On Fri, Apr 11, 2008 at 6:01 PM, Frank T. [email protected]
wrote:

Thanks for your help, but the situation in A=1, B=2 or A=2, B=1 that
wont be accepted if using unique.

My point is that when record(A=1, B=1) was existed in database, any new
record(A=1, B=1) can not be valided. They can be (A=1, B=2), (A=1, B=3)
or (A=5, B=1) etc.

You probably have a primary key constraint on one of the columns
(unless you are using kindergarten SQLite). Example without correct
caps…

create table stuff (
colA int not null,
colB int not null,
primary key (colA, colB)
)

…or if you succumb to the idea integer IDs for the primary key are a
good idea…

create table stuff (
id int not null primary key,
colA int not null,
colB int not null,
unique (colA, colB)
)

Not tested.

Todd

limatsao · April 13, 2008, 2:15am

On Sat, Apr 12, 2008 at 3:55 PM, ara.t.howard [email protected]
wrote:

no db actually deals with sets - try to do a query and get the results back
in different order each time. in practice they are ordered tuples of key
value pairs and every db i’ve used is written with this implicit
understanding. having an id is no different that having an ‘updated_at’
field - it simply provides a total ordering which is arbitrary. fighting
the id is just swimming upstream to nowhere - i know as i did it for a long
time.

a @ http://codeforpeople.com/

I understand that, for example, postgresql and mysql have labeled all
things with an integer.

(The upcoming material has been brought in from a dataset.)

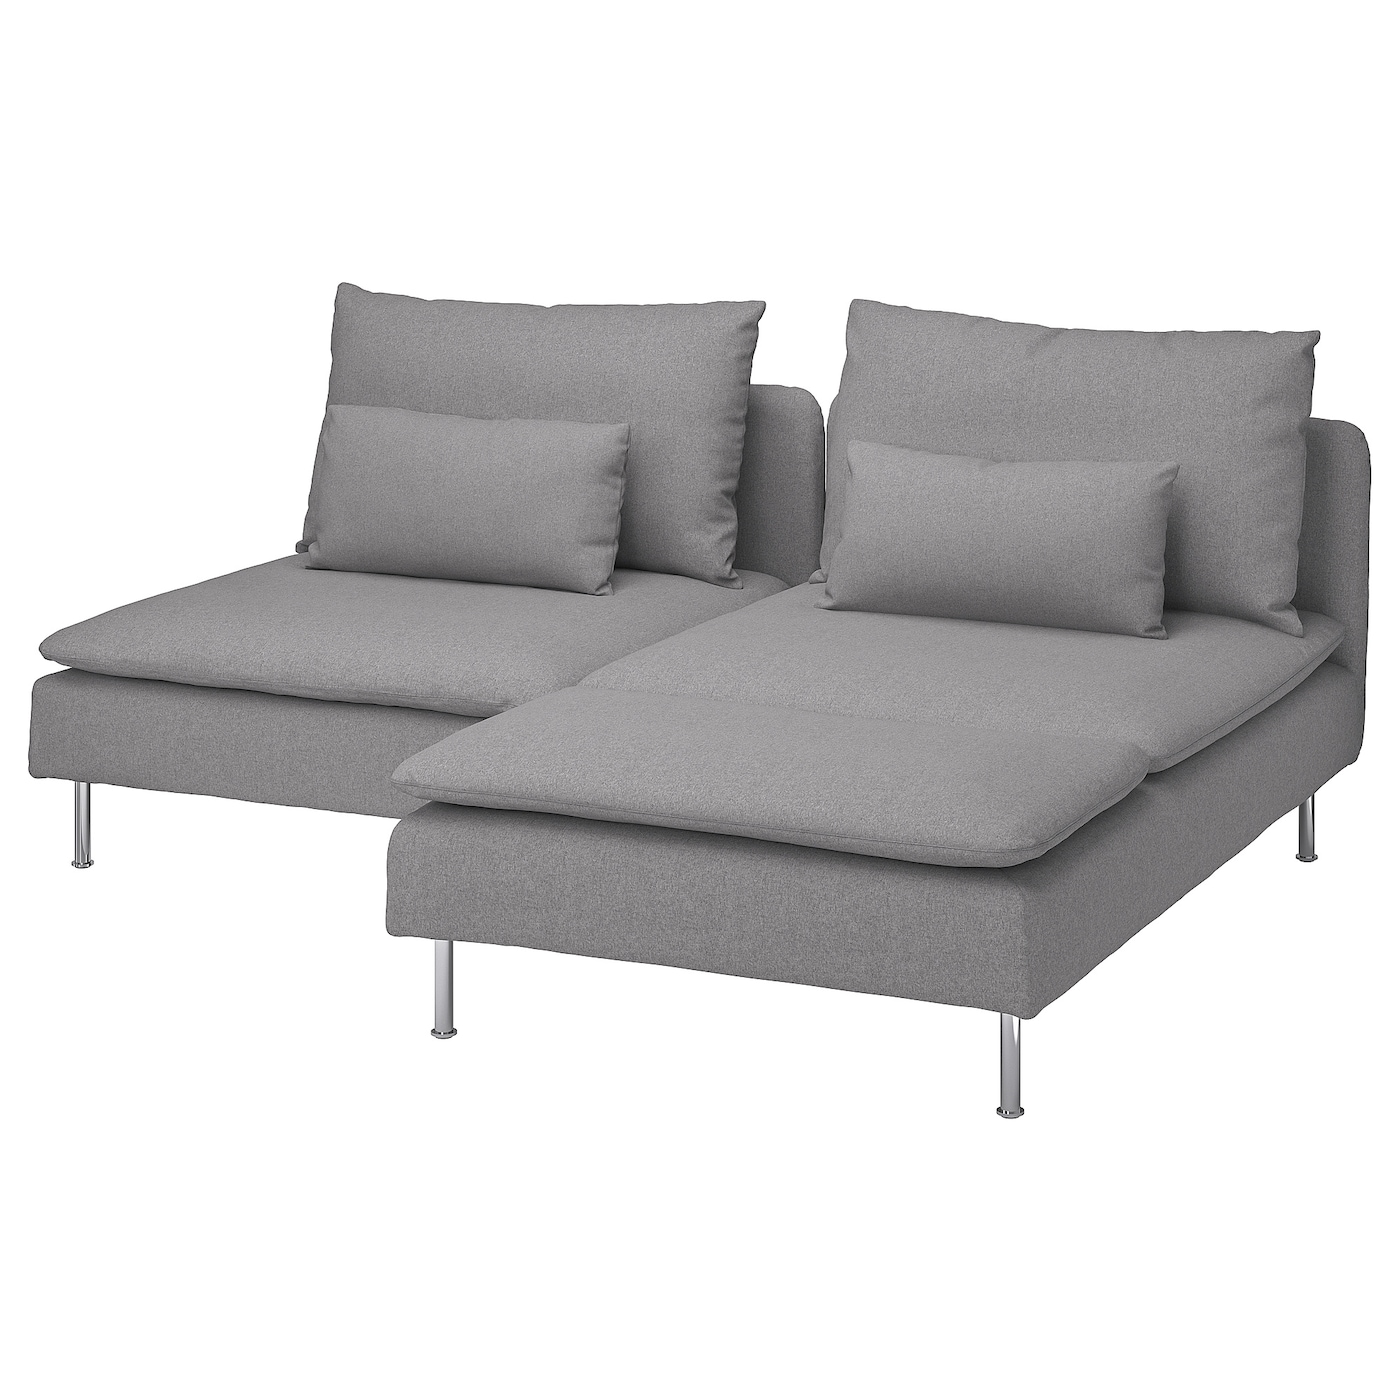 2-местный диван - IKEA SÖDERHAMN/SODERHAMN, 99x186см, серый, СЕДЕРХАМН ИКЕА

But, in the table itself, umm, doesn’t make
much sense…

create table my_set (
id int not null primary key,
a int,
b int,
);

insert into my_set values (1, 1, 1);

insert into my_set values (2, 1, 1);

It gets even worse with built in functions like auto_increment, where
you’ve tossed all identity of the tuple to the wind (think of moving
such a table to another db).

I’m still a firm believer in using logical primary keys instead of
arbitrary ones anyway, even if it takes a little more effort, but I’m
willing to listen to other ways

Todd

limatsao · April 13, 2008, 12:09am

Hi,

Excerpts from shuhao.tsao’s message of Fri Apr 11 16:02:10 -0700 2008:

Dave

Thanks for your help, but the situation in A=1, B=2 or A=2, B=1 that
wont be accepted if using unique.

My point is that when record(A=1, B=1) was existed in database, any new
record(A=1, B=1) can not be valided. They can be (A=1, B=2), (A=1, B=3)
or (A=5, B=1) etc.

You could try creating a third column. Let’s suppose that you know that
all A & B values are 6 digits or less, create a unique string column
that will then contain the value of A & B sorted, zero padded and
joined.

u = [a, b].sort.map { |i| “%06d” %i }.join

So, the database would contain 3 columns: a, b, u with u being defined
as unique in the database.

So, with a = 1; b = 2 we get u = “000001000002”

or with a = 2; b = 1 we also get u = “000001000002”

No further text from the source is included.